In re‑sentencing the appellant, both his guilty plea and his appalling family background are significant mitigating factors. As the sentencing judge acknowledged, the appellant was exposed to violence within his family, spent time in foster care and in numerous refuges. On the other hand, he has a long history of substance abuse which, in addition to his mental illness, will make his rehabilitation particularly difficult.
The offending in this case was serious.
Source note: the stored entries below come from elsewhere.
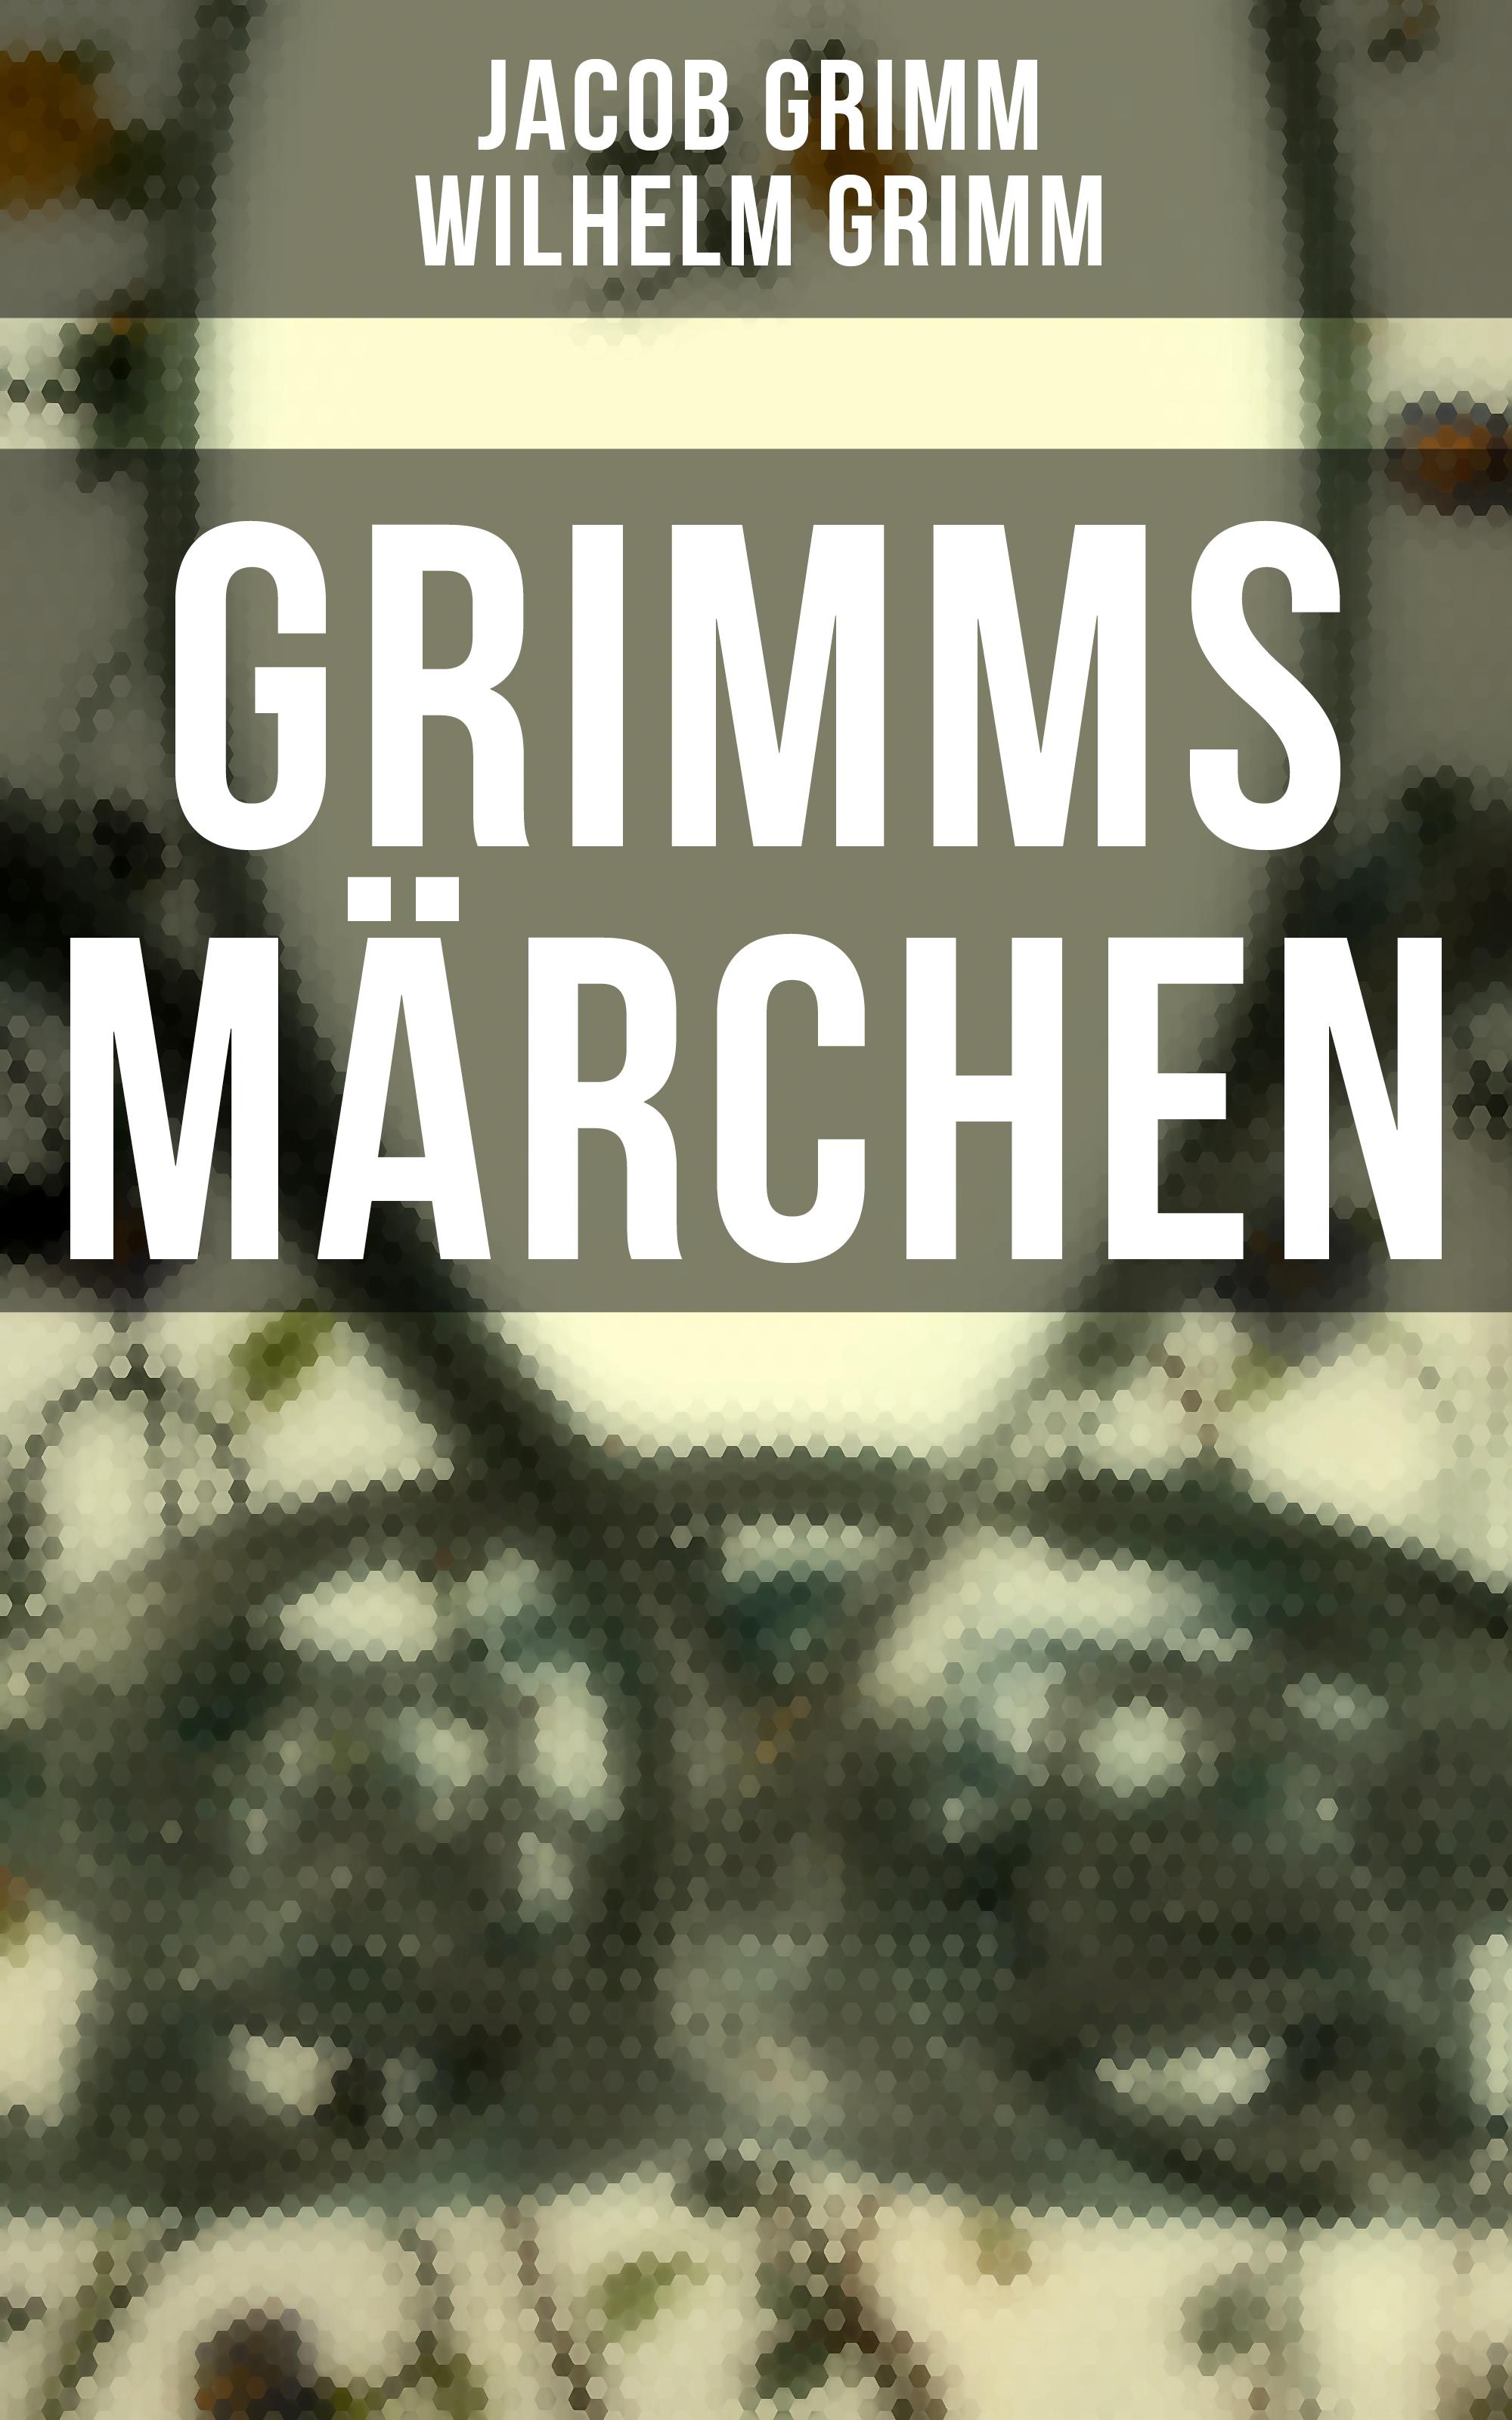 Jacob Grimm Grimms Märchen
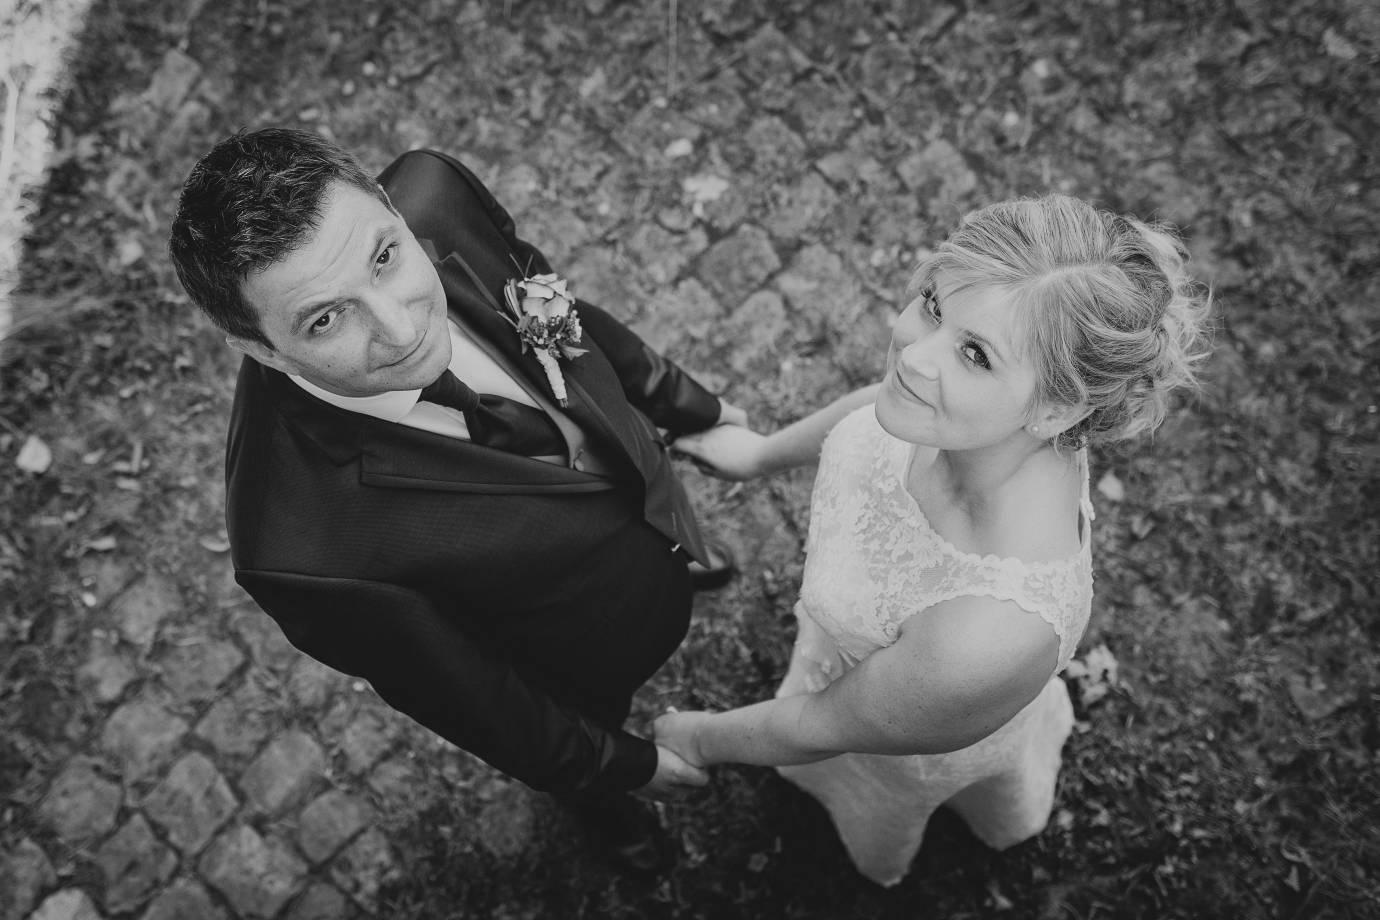 hochzeitsfotograf ohz 092 - Nina+Jens
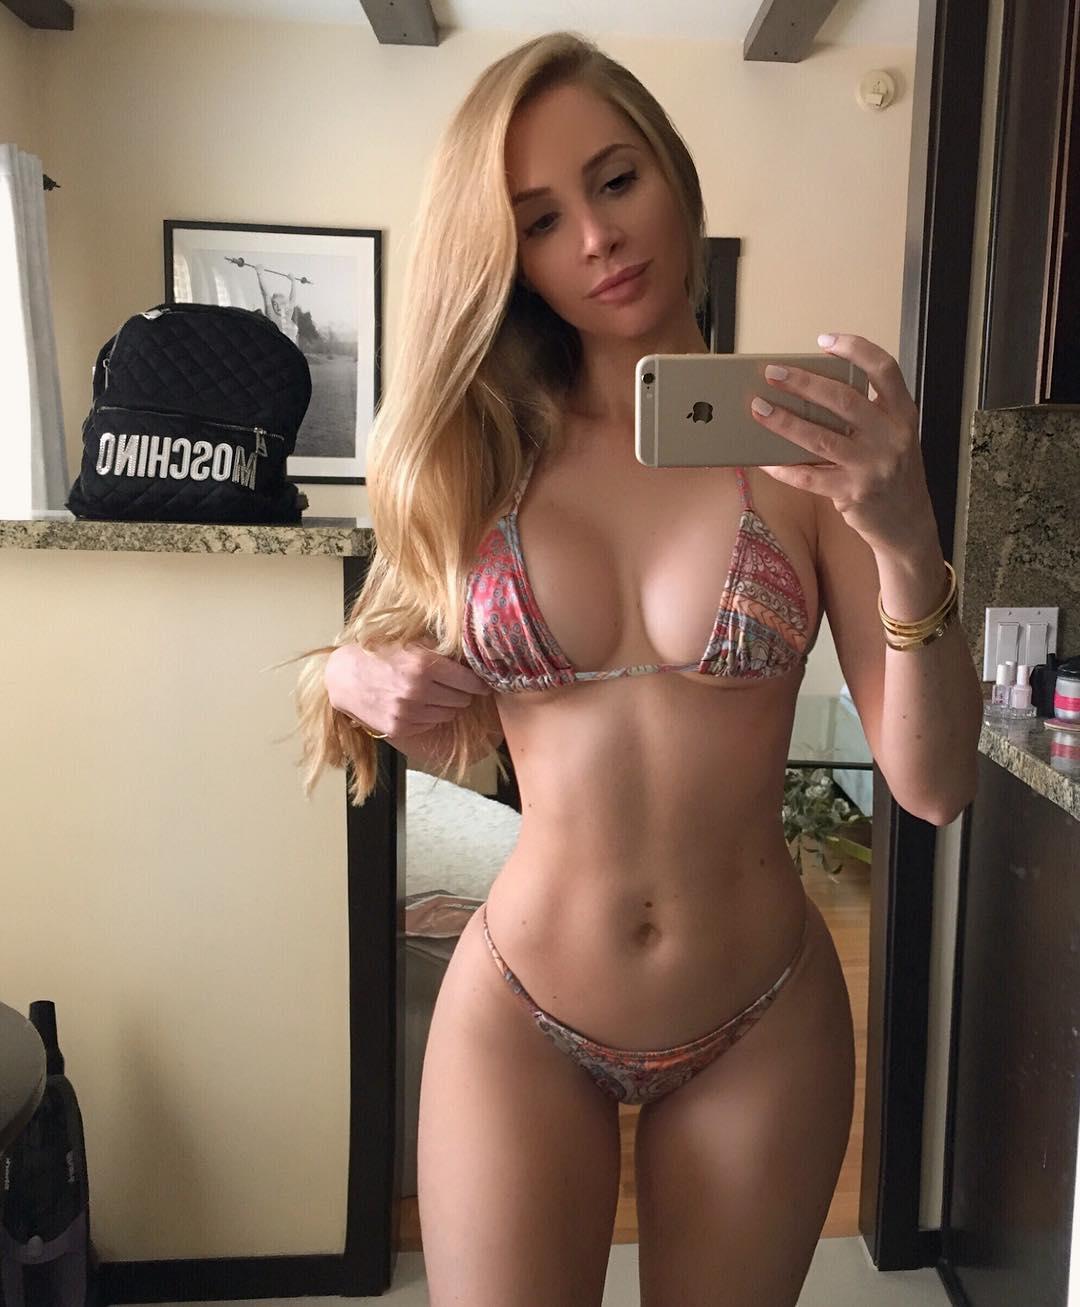 Amanda Elise Porn amanda elise lee pictures (207 images)
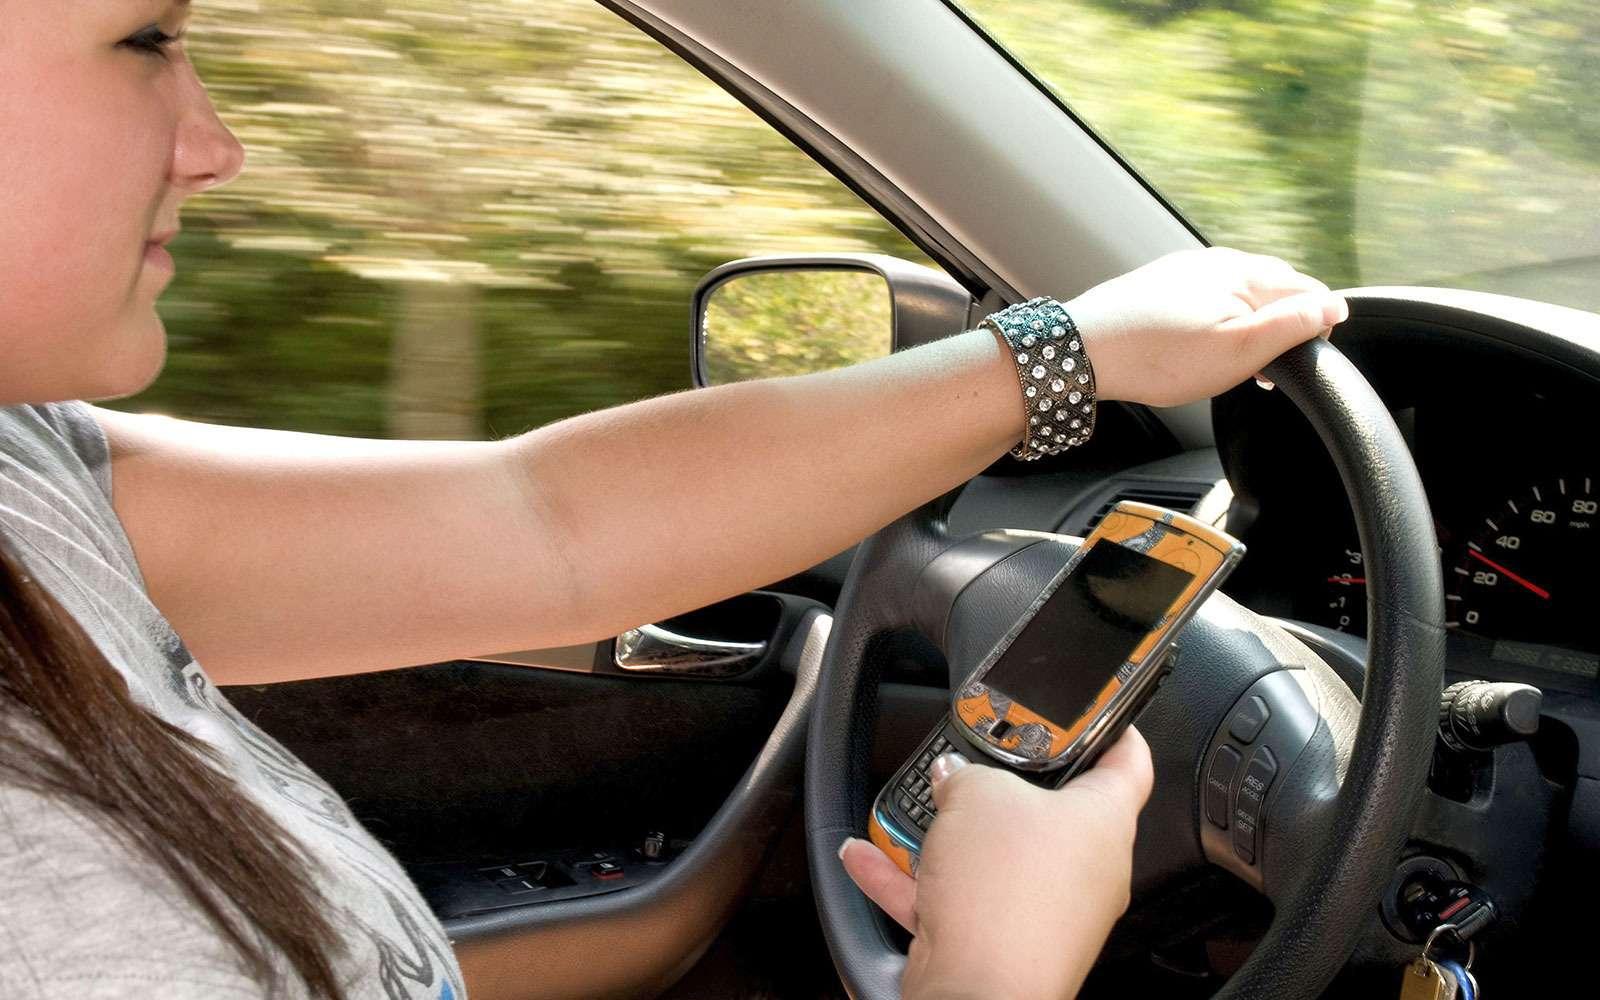 Пользование телефоном зарулем автомобиля

Three of the victims of his offences provided victim impact statements which referred to their intense and long lasting fears for their safety as a result of the offences covered by charges 6‑11 and 12.
Further, the appellant has an appalling criminal history which includes three prior convictions for burglary, seven prior convictions for theft of a motor vehicle, two prior convictions for theft, two prior convictions for aggravated burglary and one prior conviction for handling stolen goods.
Many of these offences appear to have occurred as a consequence of his drug addiction. Dr Carroll suggests that his paranoid schizophrenia did not become manifest until his late 20s, so it cannot be said that the previous offending was attributable to his mental illness.
Conclusion
In my view the sentences imposed on the appellant should be slightly reduced. Despite Dr Carroll’s opinion that the appellant’s psychotic symptoms were not a significant causal factor in his offending, some reduction is appropriate because of the decreased emphasis to be placed on general and specific deterrence as a result of the appellant’s mental illness.
The appellant’s appeal is allowed and the sentences of 12 months imprisonment imposed on charges 2, 5, 8, 9 and 15 are set aside. In lieu thereof, sentences of six months imprisonment are imposed on each of those charges.
The base sentence is the two years’ term of imprisonment imposed on Charge 3. I make the following orders for cumulation: two months on Charge 1, one month on Charge 4, four months on Charge 6, four months on Charge 7, four months on Charge 10, one month on Charge 11, one month on Charge 12, three months on Charge 13, one month on Charge 14, three months on Charge 23. As I have said, this amounts to a total effective sentence of four years. The non‑parole period to be imposed is three years’ imprisonment.
It is declared that a period of 487 days (not including today) be recorded as already served under sentence and it is ordered that the fact that the declaration was made and its details be noted in the records of the Court.
All other ancillary orders made are confirmed.
Pursuant to s 6AAA of the Sentencing Act, the Court declares that if it had not been for the guilty plea, Mr Johnson would have been sentenced to a total effective sentence of five years and six months with a non‑parole period of 44 months.
Since exceptional circumstances have been made out, these sentences are to be served concurrently with the sentence previously imposed following the breach of parole.
COGHLAN JA:
I agree.
It should be noted in relation to re-sentencing the appellant, the fact that he had completed courses during the time of his incarceration was taken into account, the relevant certificates having been provided on the hearing of the application.